You won’t find Oscar De La Hoya listed near the top of any account chronicling the best boxers over the last century. He doesn’t belong close to the legends of Robinson and Ali and Armstrong and Louis.

He wasn’t in their league. He wasn’t close.

But there is another and arguably more important list to consider today, and De La Hoya should forever exist near its peak.

A list of rescuers.

If he didn’t save boxing, De La Hoya certainly was the defibrillator that kept its heart beating the last decade. He was like Magic Johnson and Larry Bird in a 1979 NBA defined by all sorts of image problems. He was the 1998 home run chase in baseball, only without steroids. He kept alive a sport that for years has seemed a few more nails away from its coffin being permanently shut.

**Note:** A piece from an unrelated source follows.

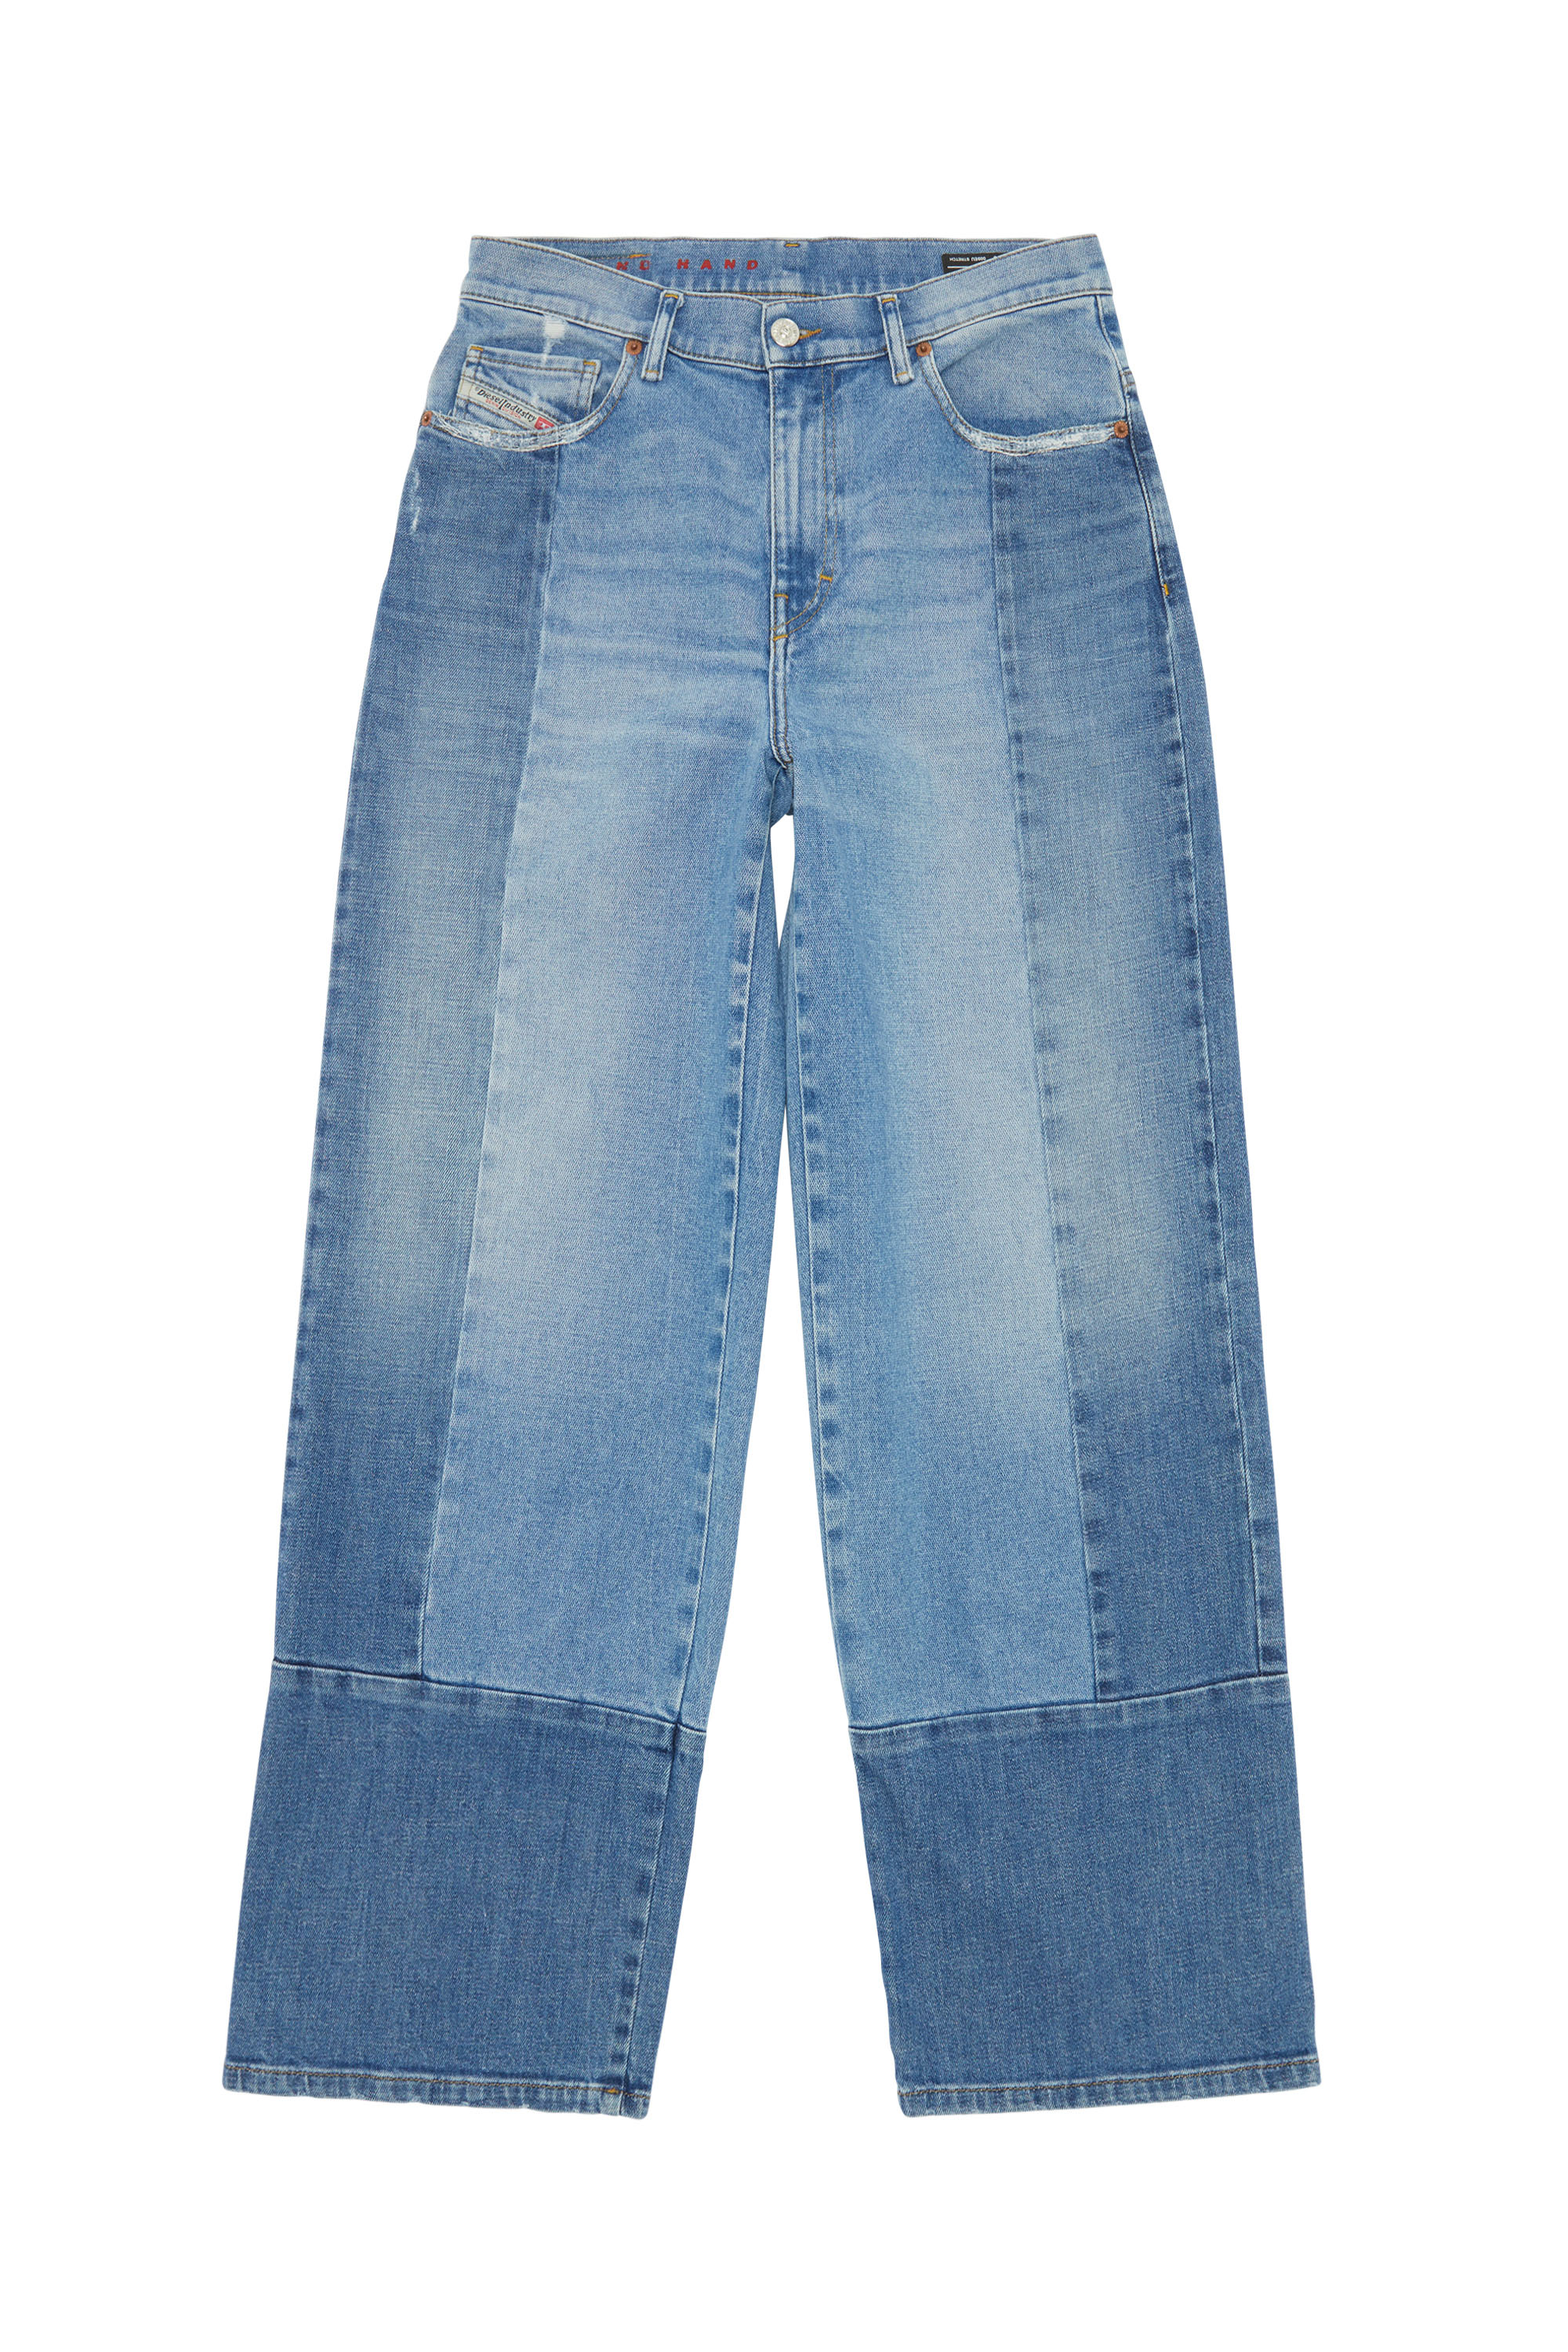 WIDEE-X, Light Blue - Jeans

Boxing won’t miss his skill in the ring nearly as much as it will his appeal, which caused such a broad section of mainstream fans to pack arenas or purchase pay-per-view packages. He was boxing’s matinee idol, its Clark Gable in shorts.

That he retired Tuesday known more for being a worldwide attraction than part of the conversation about the all-time greats didn’t seem to trouble De La Hoya.

Think about it: How upset would you be if your fights sold 14.1 million pay-per-view buys for nearly $700 million? It makes sleeping at night a little easier.

“I say, ‘Thank you for watching me and making me an attraction and for believing in me and for being there,’ ” he said. “I had an opportunity to face many world champions. A lot of them, I won. Some, I lost.

“But my satisfaction comes from trying to accomplish the impossible. Not many people do that. If people want to remember me as an attraction, I’m glad I gave a lot of people a lot of entertainment.”

Charisma is a tough feature to own. Ali had it. Michael Jordan. Joe Namath. Wilt Chamberlain. Julius Erving. The magnetism to stop traffic. The presence to quiet a room.

De La Hoya defined it. He lost four of his last seven fights and yet people still were happy to fork over their pay-per-view dollars and would have continued doing so had he made the mistake of competing again. It didn’t matter that the undercards of his recent fights often were to the pathetic level of some amateur club.

He was far more than a major draw.

“He was,” longtime friend and business partner Richard Schaefer said, “a one-man franchise.”

Now what?

De La Hoya, 36, said he didn’t completely accept his decision to retire until his wife asked one final time about his plans hours before a news conference in Los Angeles on Tuesday, meaning he either hadn’t watched a replay of his December loss to Manny Pacquiao or still was too dazed and confused from the beating to remember it.

He hung on one fight too long and maybe even more if you remember how many times Steve Forbes’ fist made contact with De La Hoya’s face in May.

But perhaps now that the most predictable retirement announcement of late has been made official, all that charm can keep boxing on the minds of fans while mixed martial arts continues its steady and strong rise.

Boxing needs Golden Boy Promotions, which has surpassed Don King Productions in the field as one of the sport’s leading two companies alongside Top Rank. It needs De La Hoya and his partners to continue signing good fighters and making memorable cards. Now that the boss has more time to devote to the business side of things, maybe those final few nails will be put aside. Maybe the coffin remains ajar. Maybe the guy in charge can even discover a heavyweight who’s not a complete stiff.

“I probably wouldn’t be here today announcing a retirement if I didn’t have something to fall back on,” De La Hoya said. “Being part of the company made this much easier. It wasn’t the primary reason to retire, but it was part of it.”

De La Hoya fought 45 times and succeeded 39. He won 10 world titles in six weight classes. He opposed Julio Cesar Chavez and Pernell Whitaker and Felix Trinidad and Shane Mosley and Arturo Gatti and Ike Quartey and Fernando Vargas and Bernard Hopkins and Floyd Mayweather Jr. and Pacquiao. His bank account today is a fleet of Brink’s trucks. It all produced a great career.

But this is what made him different: In the ring, his reach measured 73 inches. In the sport, it reached globally.

That’s a mighty tough influence for boxing to replace, because unless the next Clark Gable is about to climb through the ropes, the sport Tuesday took a bigger hit than any Pacquiao delivered in December.